Family Matters Blog: First Week of School Survival Guide By Elaine Wilson American Forces Press Service WASHINGTON, Aug. 30, 2010 – Tensions ran high last week as I loaded up the kids and headed out to drop them off at their new school. After a lengthy and complicated process, we had purchased a home in Maryland, which I wrote about in “Blogger Heads Out on House Hunt,” and now we’re tackling this next hurdle of adjustment. I wasn’t sure who was more nervous – me or them. On that first day, we walked down the hall, bustling with kids and parents, and stepped into my son’s new classroom. He unloaded his new school supplies, found his seat and sat there, arm casually draped on the back of the chair, quietly surveying the room to get the lay of the land. “Bye Mom,” he said with a cool-guy dismissive wave. I opted out of my usual hug and kiss to allow him his 2nd grade dignity.

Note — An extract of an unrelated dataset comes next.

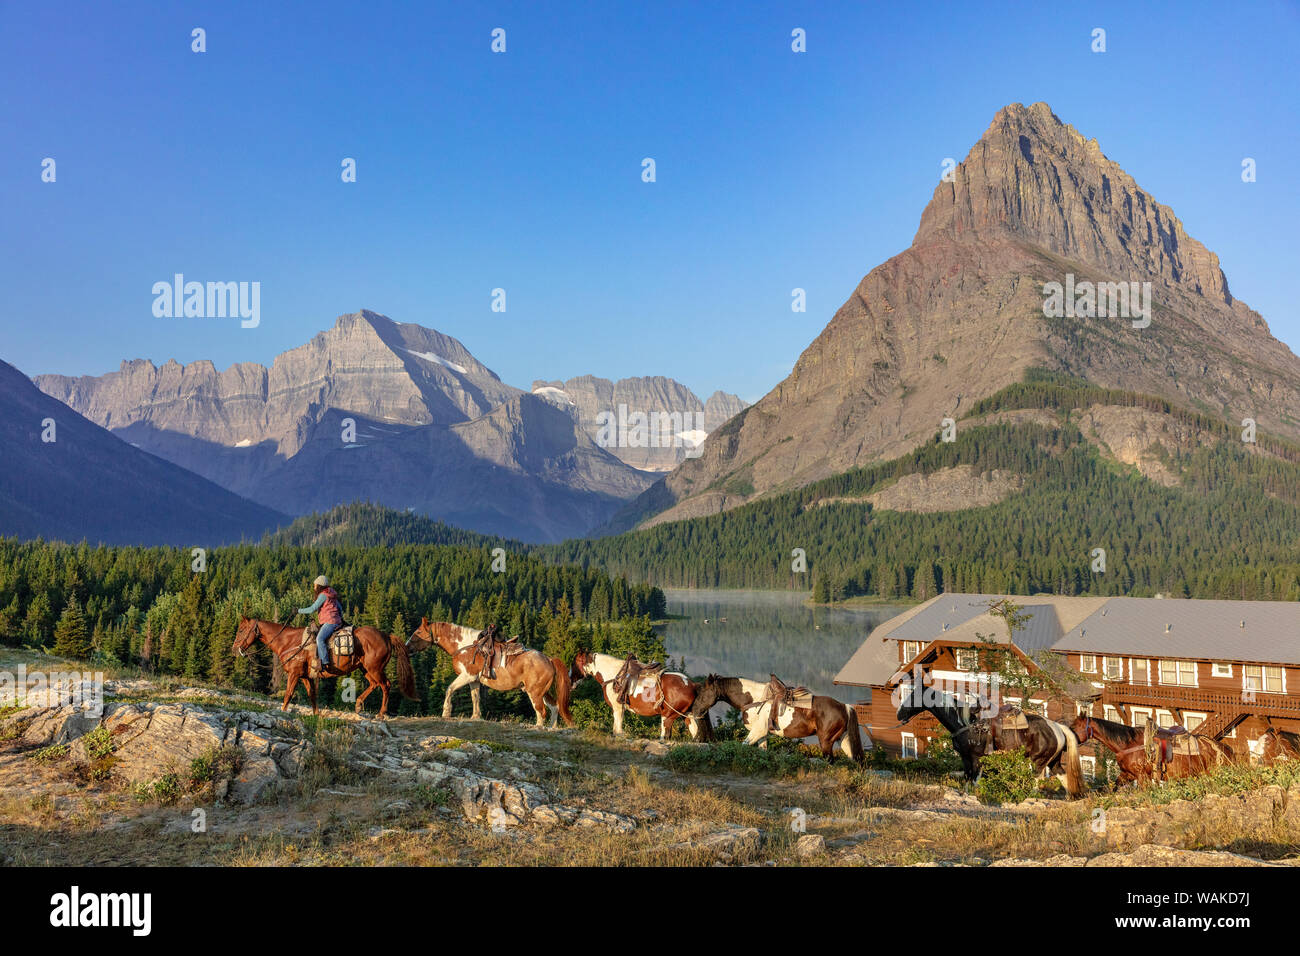 Wrangler leads Horses at Many Glacier Hotel in Glacier National Park, Montana, USA Stock Photo
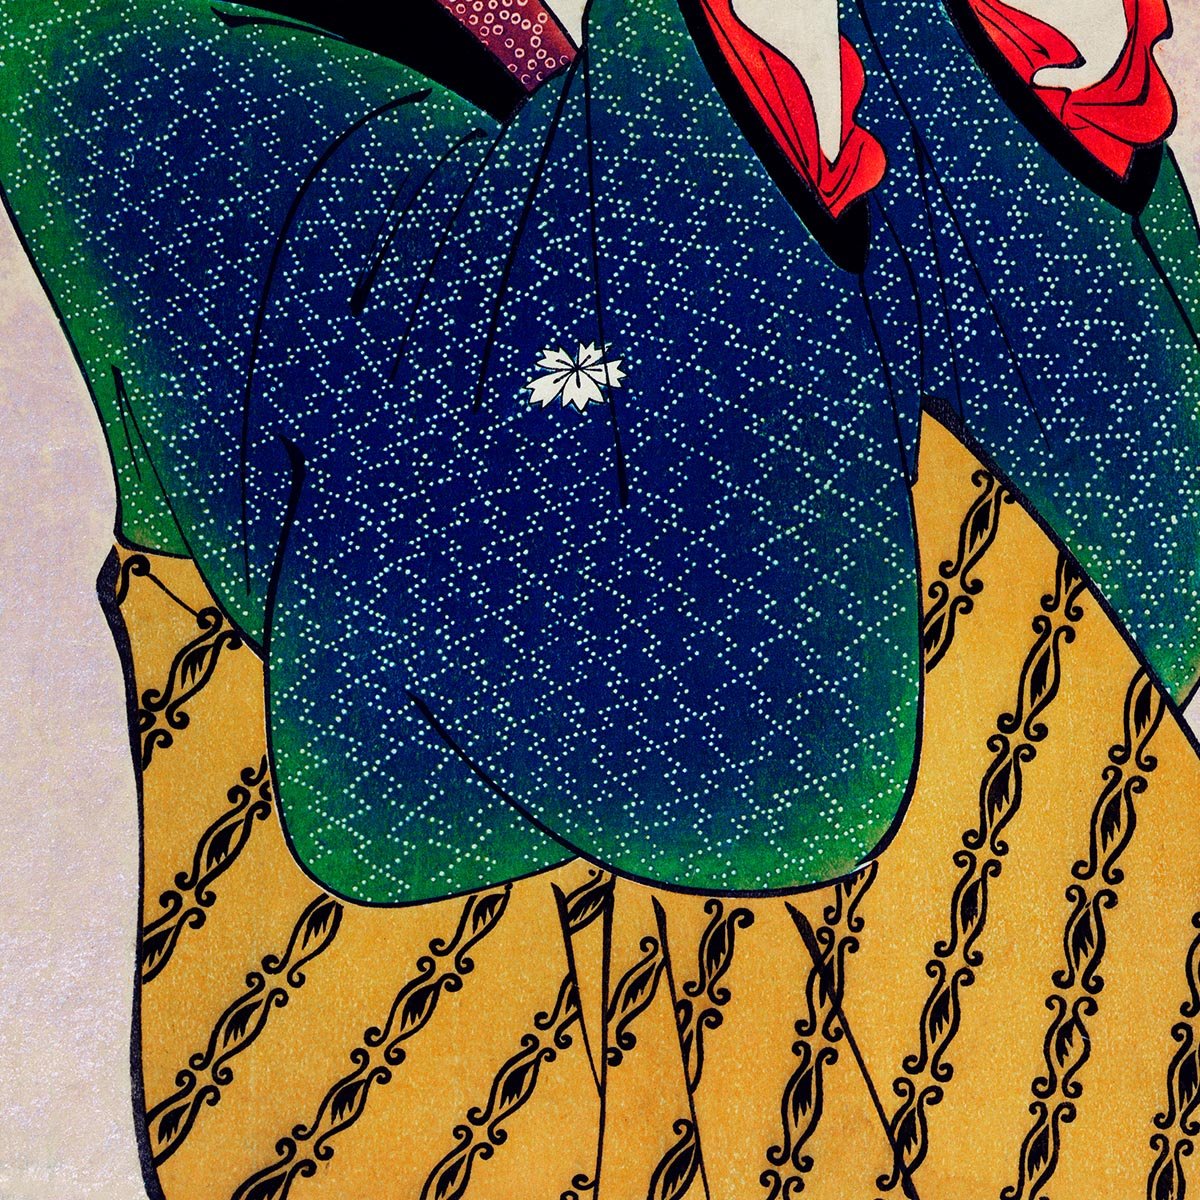 Geisha Fumi Yomu Onna by Kitagawa Utamaro

Off to my daughter’s 3rd grade classroom. She’s much shyer than my son, so I stayed a while until she started chatting with another student, then beat feet for the door. As I headed down the hall, lined with lockers adorned with brightly colored name tags, I took a huge sigh of relief. The initial entry, the hardest part in my mind, was over. It should all be downhill from here, I hoped. The rest of the week went fairly well, with a few inevitable rough spots. Each night, I made a point of discussing the day with my children, the pros and cons, and my son invariably would draw a comparison to his old school. “I liked Waynewood better because …,” he’d begin and then continue on with a detailed description of the better food, nicer friends, less homework, and so on. I wanted to remind him that he did the same thing when he started at Waynewood two years earlier, but bit my tongue. It doesn’t hurt to vent.
I’ve been learning a lot on this most recent move, the fourth for my children so far. While preparation and organization are vital for a successful first week of school, communication has become No. 1 on my priority list. I’ve made it a priority to sit down one-on-one with my children to discuss their feelings and concerns these past few weeks. I let them pour out their hearts and then gently steered them toward thinking positive when they start delving too far into the negative.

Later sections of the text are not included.